How Perception Tool Calling Works

Perception tool calling is triggered during an active conversation when the perception model detects a cue that matches a defined function:
  • Visual tools are triggered by what Raven sees (e.g., ID card, bright outfit, hat). The event includes a modality of "vision", structured arguments, and a frames array of base64-encoded images that triggered the call.
  • Audio tools are triggered by what Raven hears (e.g., sarcasm, frustration).
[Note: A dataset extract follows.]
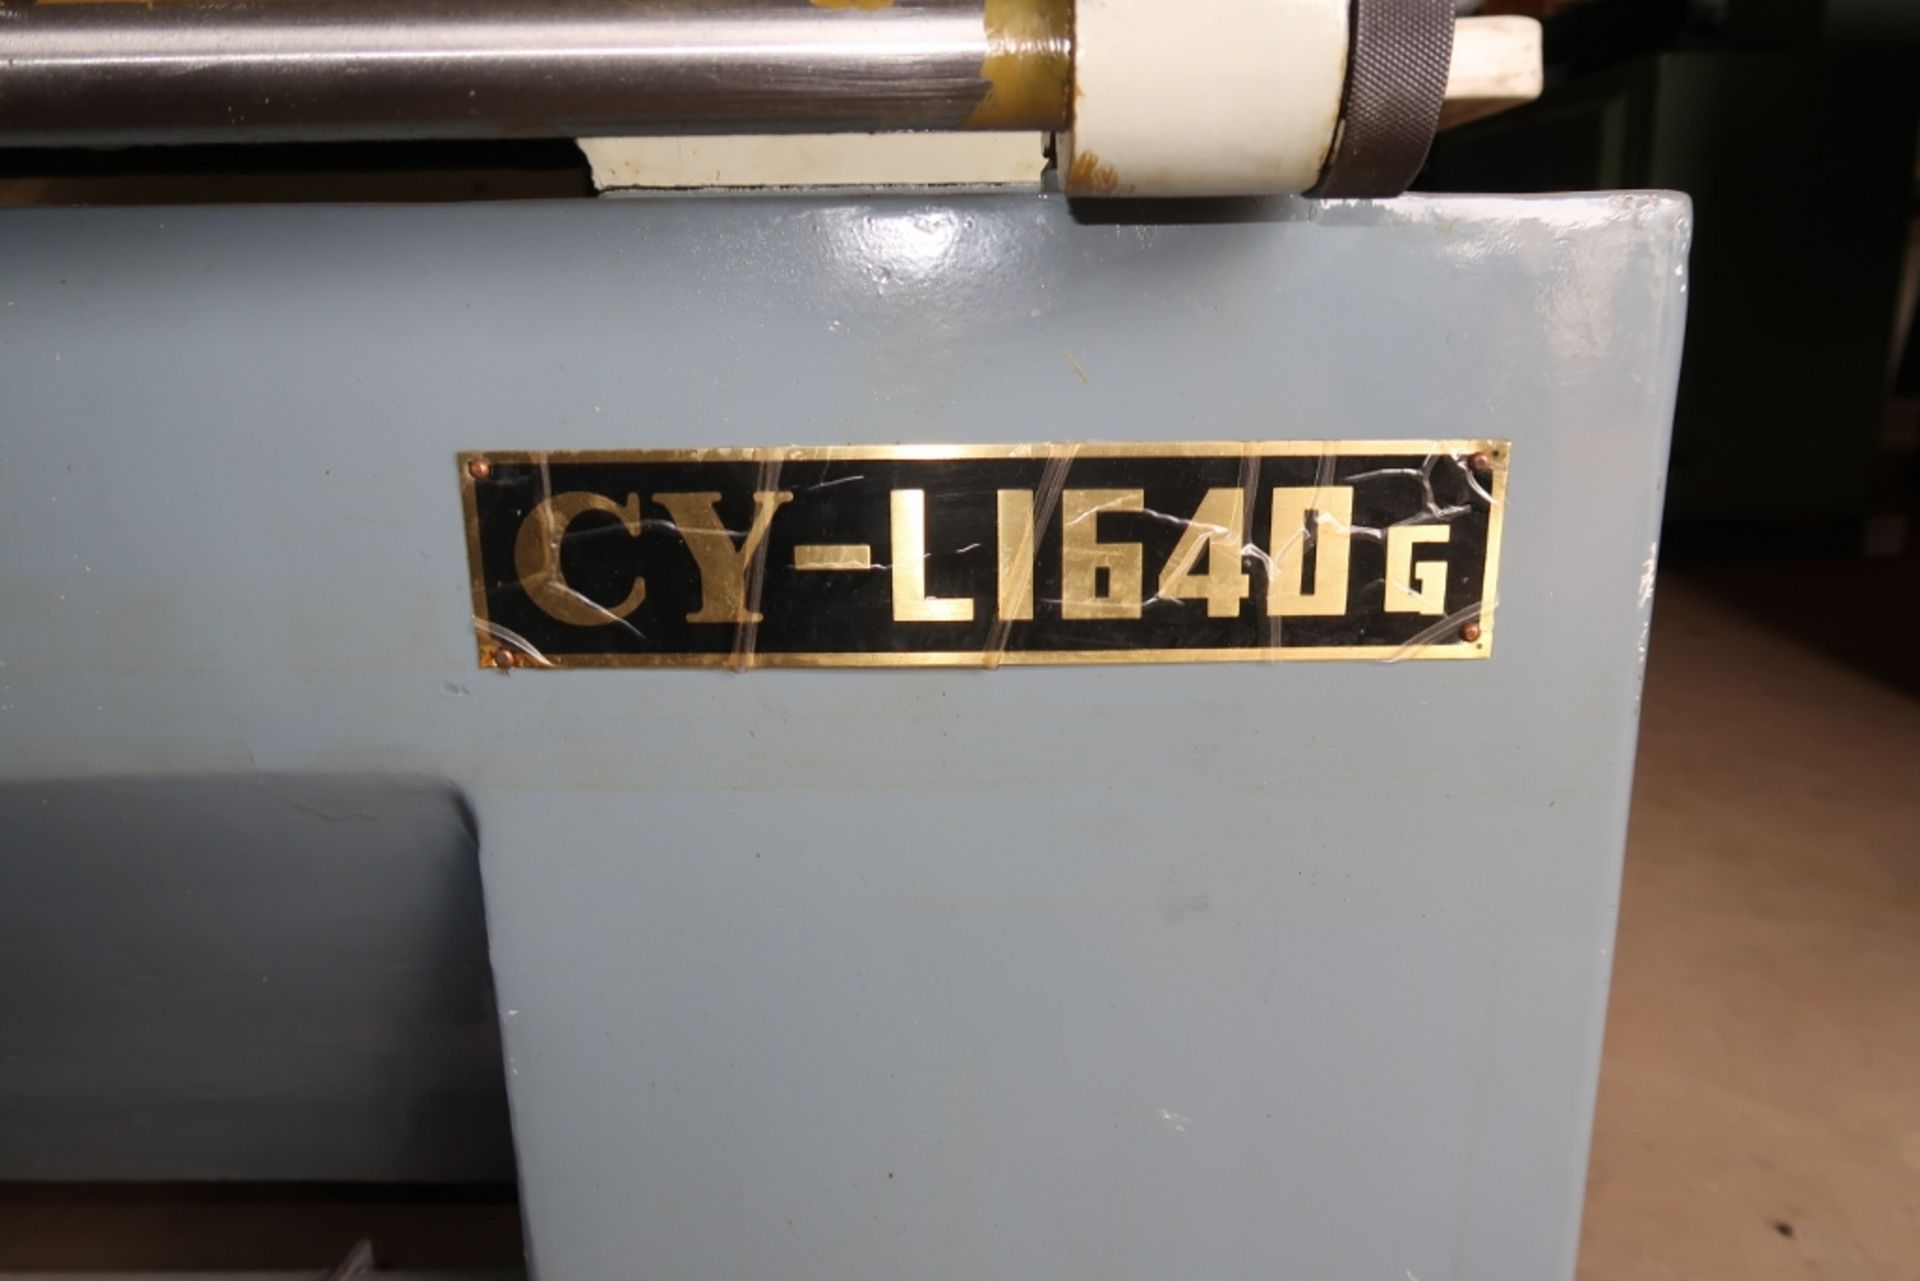 YUNNAN CY-L1640G LATHE W/ 3 JAW CHUCK 60" BED - Image 7 of 10

The event includes a modality of "audio" and arguments (often a JSON string).
The same process applies to any function you define in visual_tools or audio_tools—e.g. notify_if_bright_outfit_shown when a bright outfit is visually detected, or notify_sarcasm_detected when sarcasm is detected in speech.

Modify Existing Tools

You can update visual_tools or audio_tools using the Update Persona API. Use the path /layers/perception/visual_tools or /layers/perception/audio_tools as appropriate.
curl --request PATCH \
  --url https://tavusapi.com/v2/personas/{persona_id} \
  --header 'Content-Type: application/json' \
  --header 'x-api-key: <api-key>' \
  --data '[
    {
      "op": "replace",
      "path": "/layers/perception/visual_tools",
      "value": [
        {
          "type": "function",
          "function": {
            "name": "detect_glasses",
            "description": "Trigger this function if the user is wearing glasses in the image",
            "parameters": {
              "type": "object",
              "properties": {
                "glasses_type": {
                  "type": "string",
                  "description": "Best guess on the type of glasses (e.g., reading, sunglasses)",
                  "maxLength": 1000
                }
              },
              "required": ["glasses_type"]
            }
          }
        }
      ]
    }
  ]'

Replace <api_key> with your actual API key. You can generate one in the Developer Portal.